著書に「よくわかる高齢者の認知症とうつ病」長谷川和夫氏と共著【中央法規】、「認知症のケアマネジメント」石川進氏と共著【中央法規】がある。
子どもだから必ず親の介護をやらなきゃいけないんだという風に思いすぎない
―――離れて暮らす親が認知症になったとき、実家が遠いと帰省するのに交通費がかかりますし、平日は仕事をしながら、週末に帰省して身の回りのことを手伝う生活は心身の疲労も大きくなります。また、認知症の症状によるトラブルが生じてくると心配が増えてきて、何かあったときにすぐ帰省できないことへのジレンマを感じるという声もお聞きします。家族としてどのようにサポートしたらいいのでしょうか?
日々診察していて、遠距離で介護されている方からご相談を受けることがあるのですが、これは認知症に限らず他のご病気の時もそうかもしれないですけれど、まずは「認知症になったから全面的に協力しないといけない」という風に思いすぎなくてもいいのかなと思います。

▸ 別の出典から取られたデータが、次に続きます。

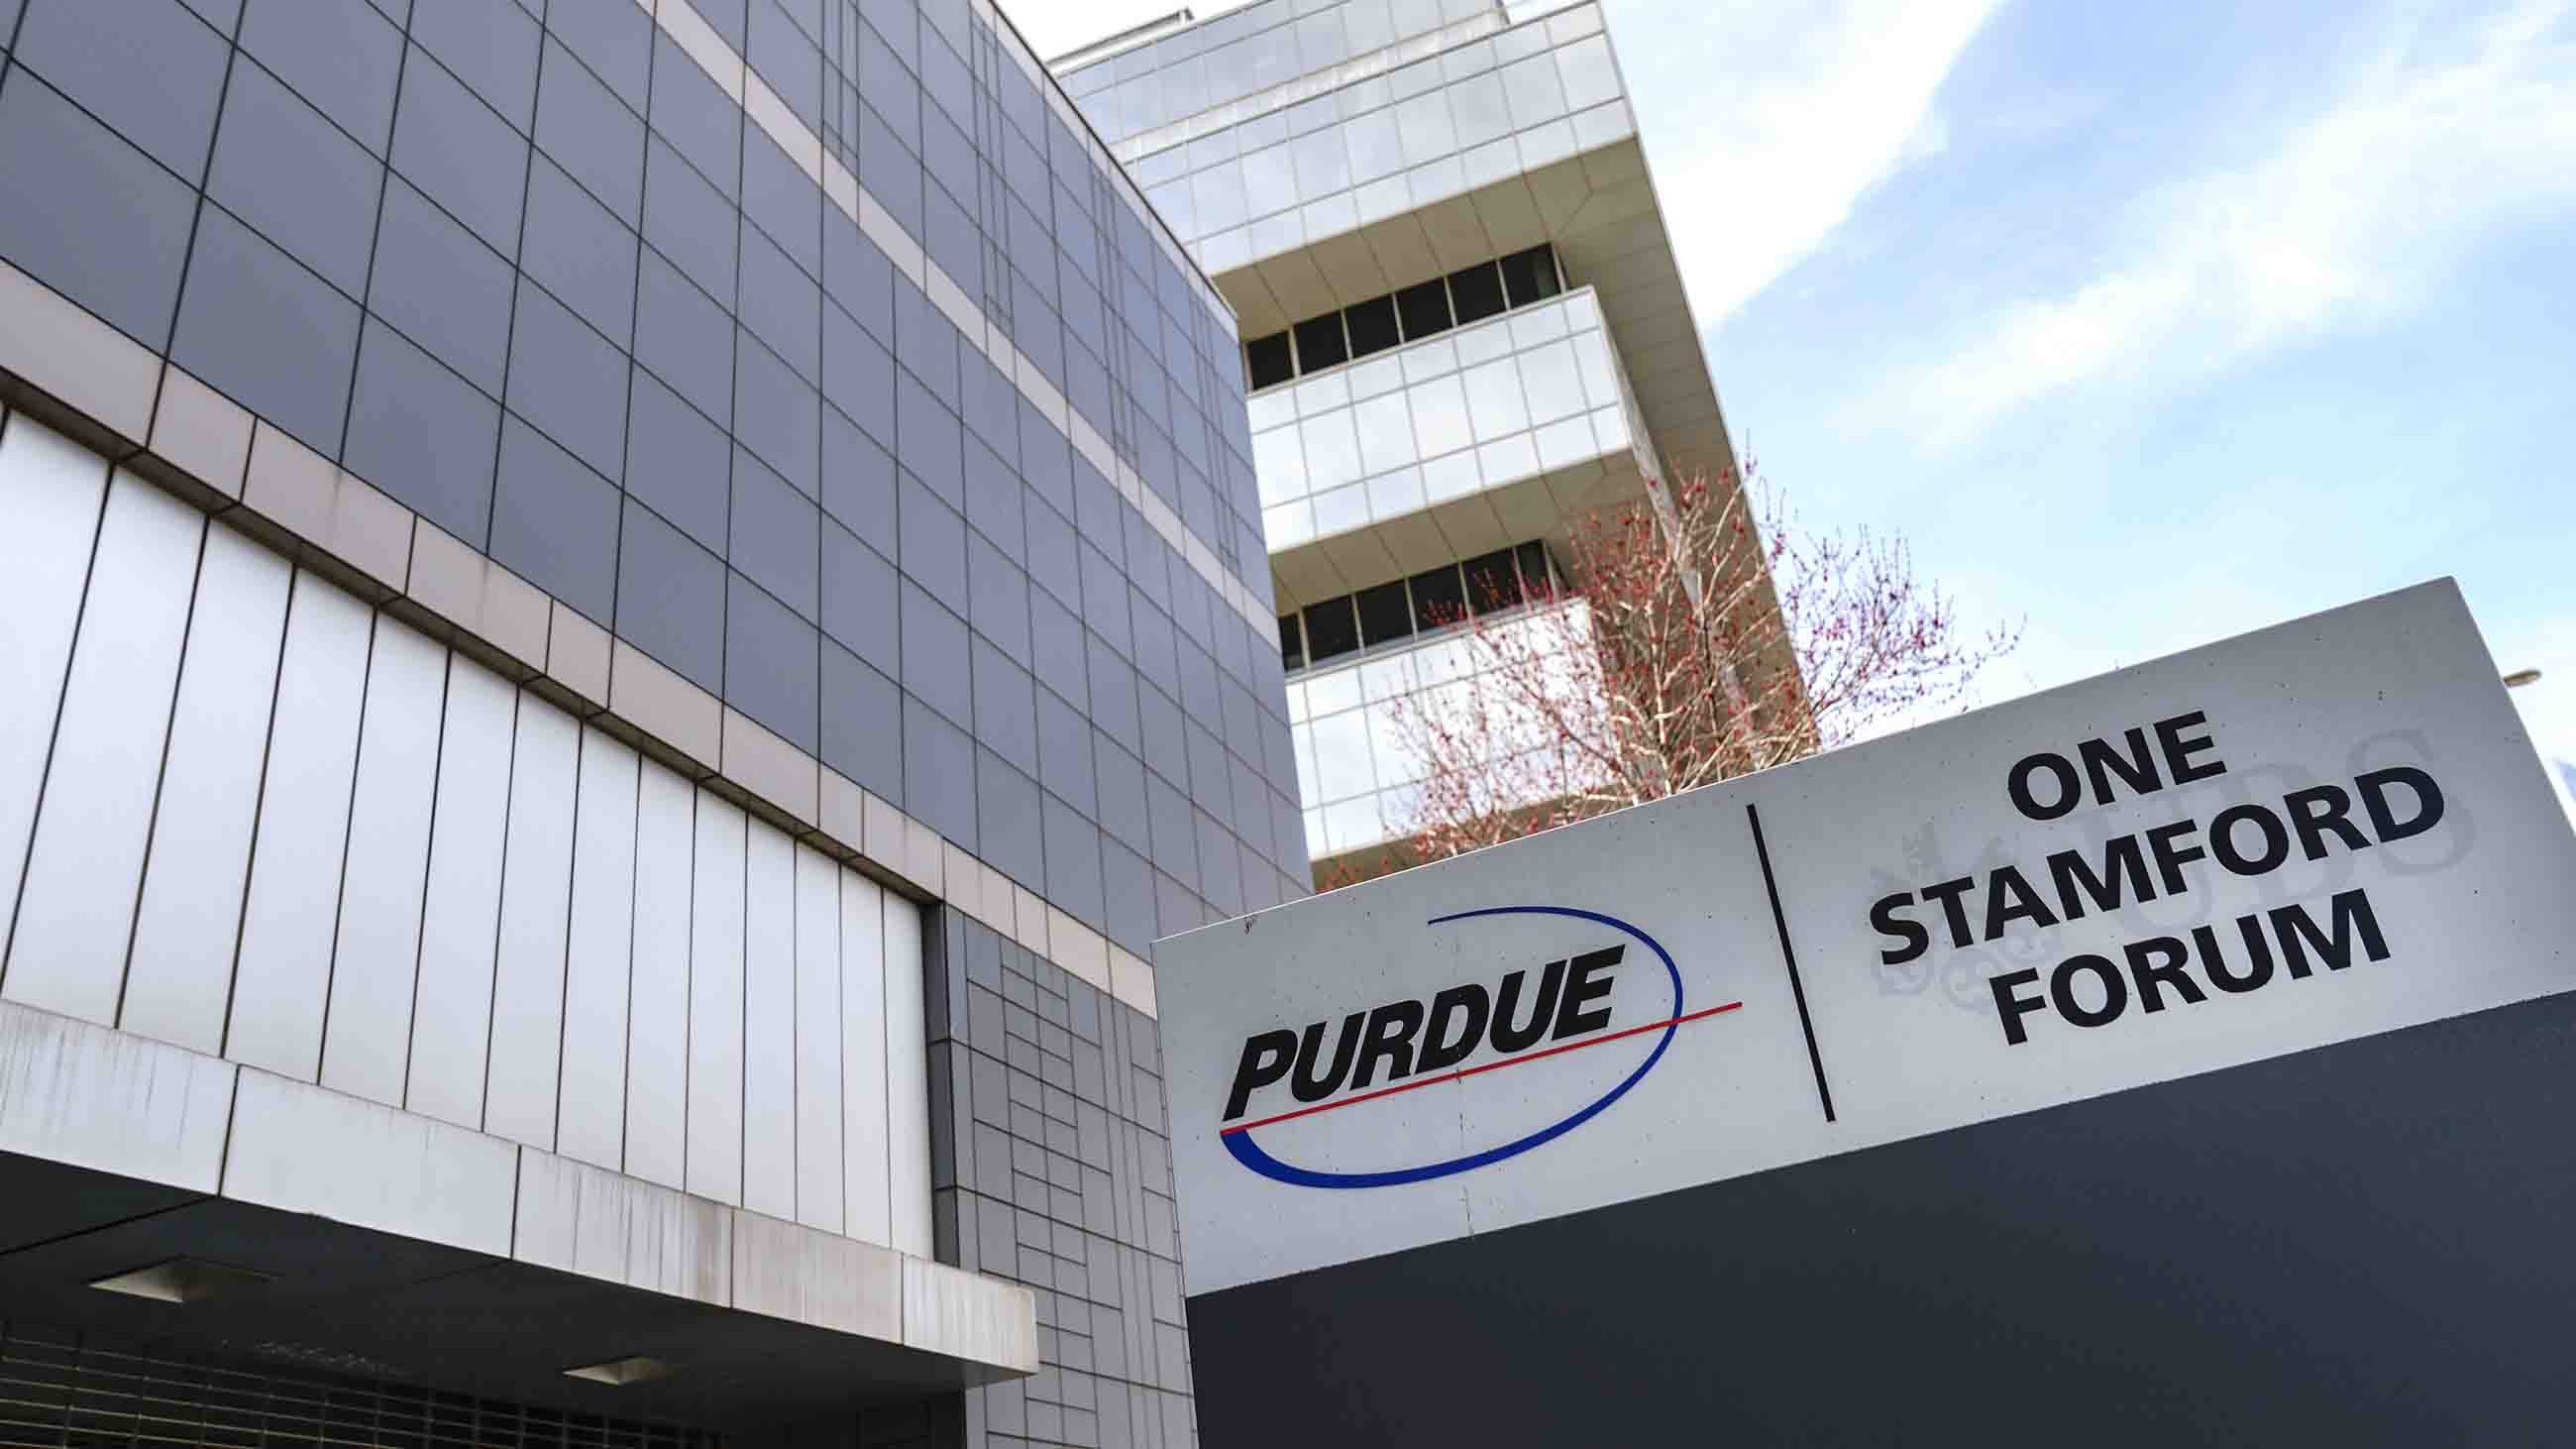 For Purdue Pharma, Lawsuits and Criticism Mount
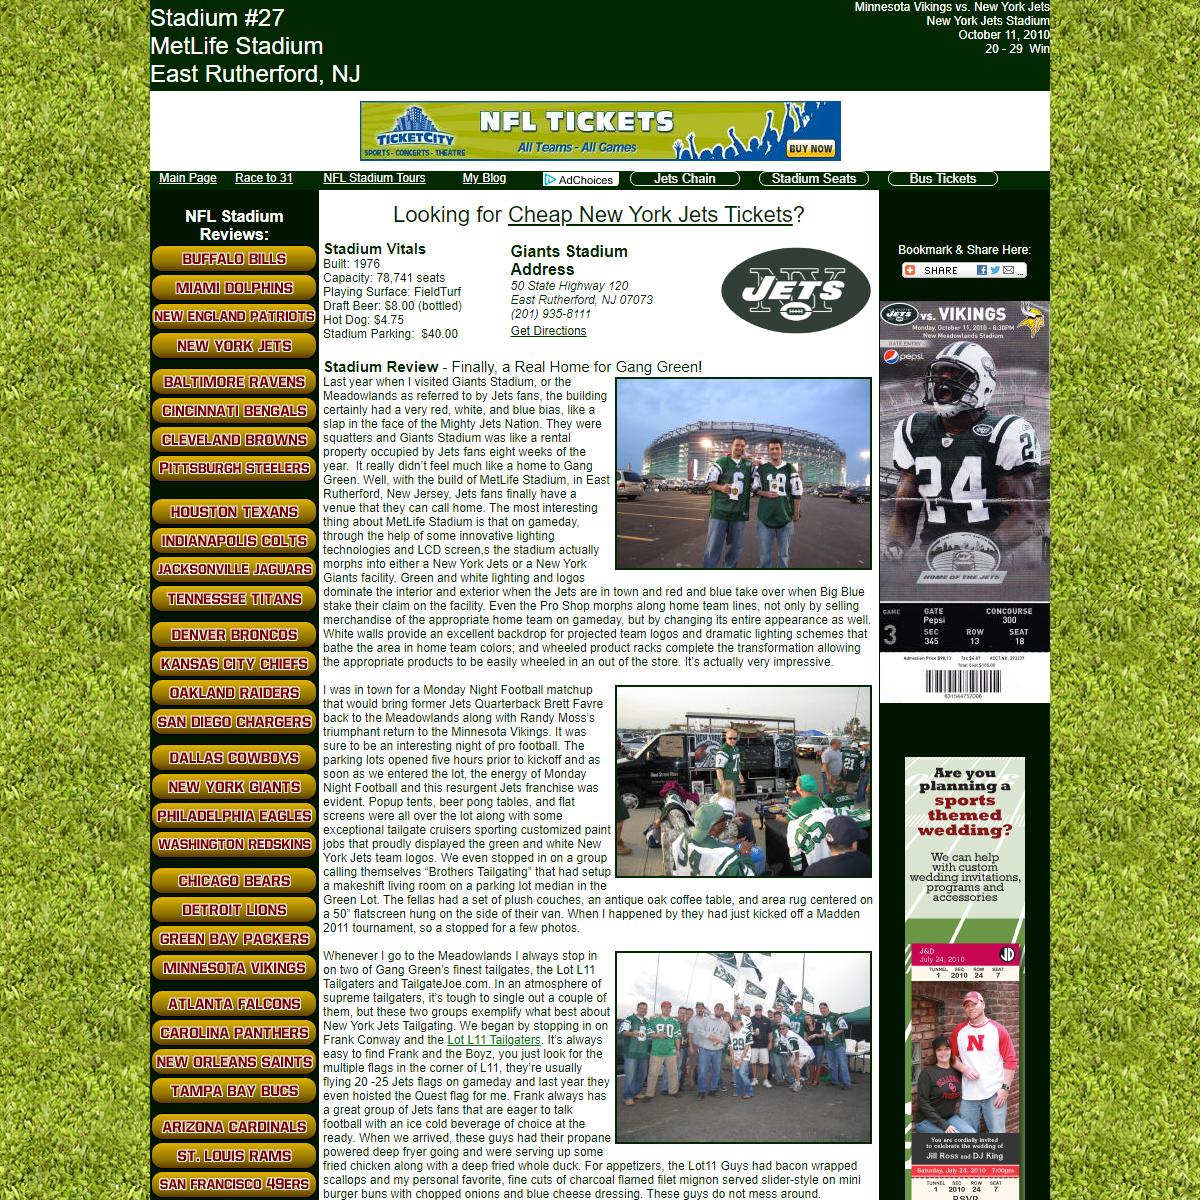 A complete backup of http://questfor31.com/Meadowlands-NY-Jets.htm

特にお互いの住まいが遠距離の場合、介護が始まるまではあまり会う機会がなかったかもしれませんし、それぞれの生活があります。お仕事を一生懸命頑張られている方もいらっしゃるでしょうし、お子さんを育てていらっしゃる方もいらっしゃるでしょうし、配偶者の親のサポートをしないといけないという方もいらっしゃると思います。それに、皆さんそれぞれ親御さんとのいままでの関係性があると思うんですよね。抱えている事情や生活状況は様々だと思います。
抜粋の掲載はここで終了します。